Я вручил ему письмо и талисман. Феруз аккуратно вскрыл конверт. Прежде чем вчитаться в написанные корявым почерком моего друга-пуштуна строки, он поднес бумагу к носу и трижды вдохнул. Обнажив в улыбке острые зубы, он сжал талисман в кулаке и сделал еще один вдох. Поначалу я сомневался, что передо мной и вправду Феруз. Но сомнения тут же рассеялись, когда я увидел, как трепетно он относится к письму и талисману.
И хотя вероятность нашей случайной встречи с Ферузом была один к десяти миллионам, сам он ничуть не удивился. Впрочем, такие совпадения не впечатлили бы и других индийцев, о которых пойдет речь на страницах этой книги.

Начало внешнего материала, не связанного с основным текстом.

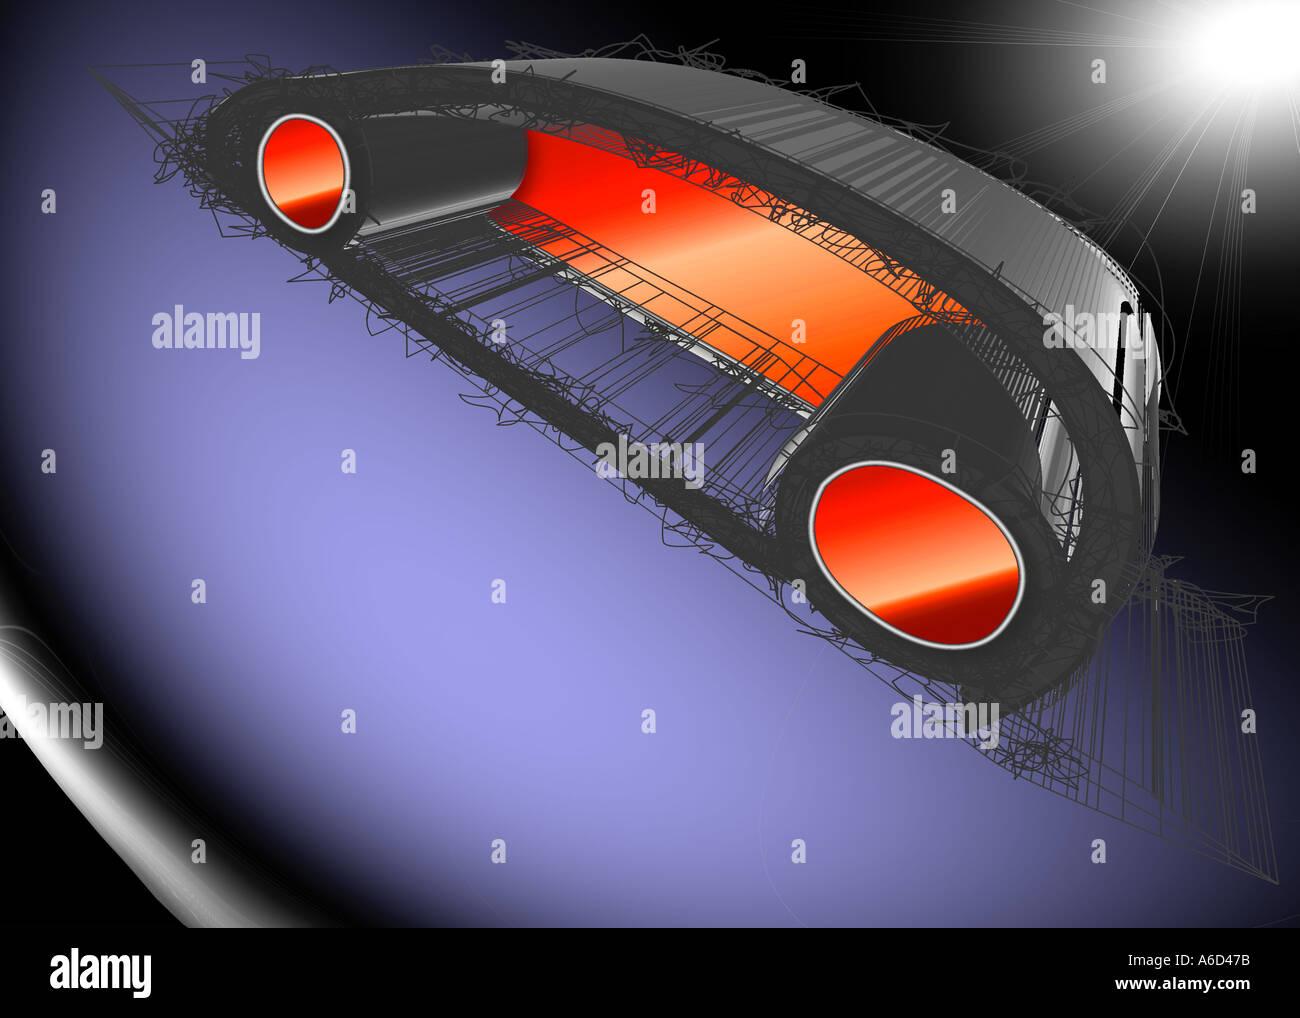 Concept car Photo Stock

– Итак, – наконец сказал учитель. – Чем могу служить?
От волнения у меня сердце забилось быстрей. Какой ответ я получу на свой единственный вопрос?
– Глубокоуважаемый Феруз, – я сглотнул подступивший к горлу комок, – я слышал, вы самый лучший из иллюзионистов современности. Сэр, я хотел бы у вас учиться… Господин Феруз… – тут я запнулся, – пожалуйста, возьмите меня в ученики.
Хаким Феруз, казалось, вовсе меня не слушал. Он наблюдал за тем, как официант закладывал виражи между столиками будто заправский фигурист. Потом он дважды вздохнул. Я терпеливо ждал ответа.
– Мне не хочется вас огорчать, – произнес он негромко, – но я с недавнего времени я удалился на покой. И больше не беру учеников.
– Но я проделал такой долгий путь, – воскликнул я в порыве эгоизма. – Меня отравили, ограбили, мне пришлось мыться в баке у дхоби, после переезда по Джити до сих пор все болит.
– Джити, – поежился горбун, – ужас какой.
– Ну, – ответил великий фокусник, – похоже, у вас и без меня было предостаточно приключений. Вынужден повторить: я удалился на покой и весьма этим доволен.
Продолжать уговоры было бесполезно. Сказать мне было нечего. Я только ругал себя за то, что так много времени угробил на эти поиски.
Я уже готов был мчаться прочь из Альберт-Холла со скоростью разобиженной на всех и вся театральной примадонны, но что-то удержало меня.
– Можно просить вас об одном ничтожном одолжении? – спросил я.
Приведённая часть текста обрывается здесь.